I am guessing you are talking labyrinth/ Stillwater canyon. Tag-a-long does a great job and does jet backs to Moab from the confluence. You will need a permit to go in to canyon lands but they are easy to get.


----------



## kazak4x4 (May 25, 2009)

Ya, which part of the green you are looking to float?

A&B (Below the dam)
Gates of Lodore
Desolation/Grey canyon
Labyrinth/Stillwater (flat)

All of those sections require a permit of some sort. A&B you want camping reservations, Lodore is a pita to get, Deso is a bit easier, Stillwater is a walk-in permit. If you are running commercially, then you don't need to worry about permits.

All major outfitters will provide a shuttle and a fun experience.


----------



## micronam (Apr 20, 2015)

*Green permits - Deso and Lodore*

I have an April Desolation Canyon and a September (Labor Day weekend) Lodore. Let's talk if you're interested in some Green River permitted action! Looking for folks with boats, a know-how of how to get them down a river, and good attitudes.


----------



## kazak4x4 (May 25, 2009)

micronam said:


> I have an April Desolation Canyon and a September (Labor Day weekend) Lodore.
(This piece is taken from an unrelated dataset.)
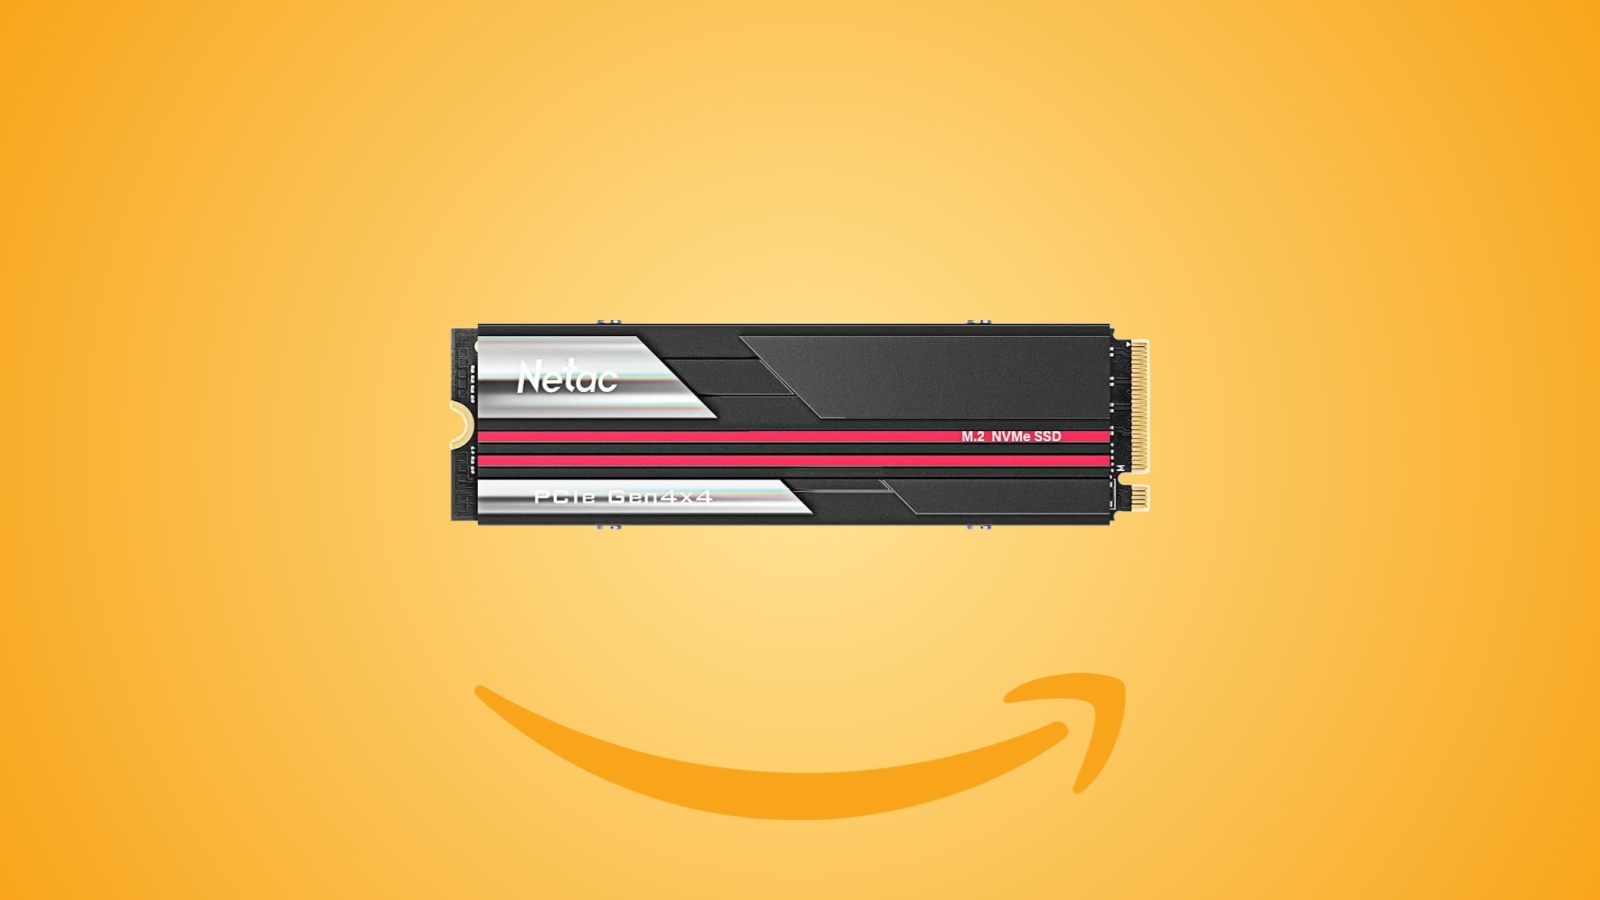 Offerte Amazon: SSD Netac NV7000 da 1 TB con dissipatore per PS5 e PC al prezzo minimo con coupon

Let's talk if you're interested in some Green River permitted action! Looking for folks with boats, a know-how of how to get them down a river, and good attitudes.


Lodore during Labor Day weekend is still considered a high season permit. You can only go on 1 high season per year and it's split between Yampa and Lodore. High season is between Memorial and Labor days. Just FYI 

April Deso and Sept Lodore are easy waters, just point your boat down and enjoy the ride


----------



## micronam (Apr 20, 2015)

...which is why I just bailed off of my scheduled Yampa trip. Sad, but it's worth the Labor Day launch and spared vacation time


----------



## duct tape (Aug 25, 2009)

micronam said:


> ...which is why I just bailed off of my scheduled Yampa trip. Sad, but it's worth the Labor Day launch and spared vacation time


Jeez, I want some of your permit mojo.


----------



## micronam (Apr 20, 2015)

Strategy! I got Deso the day the permit lottery opened (for the last weeekend before high use started), got Lodore in the follow up at 8am sharp, and got invites on Yampa and the Grand cause I don't shut up about boating!!! I'm a lucky and very strategic boater! Just love being on the water!!! 

That being said, my usual crew is doing Yampa, so they can't join Lodore - hence looking for boaters to share it with. Love that place.


----------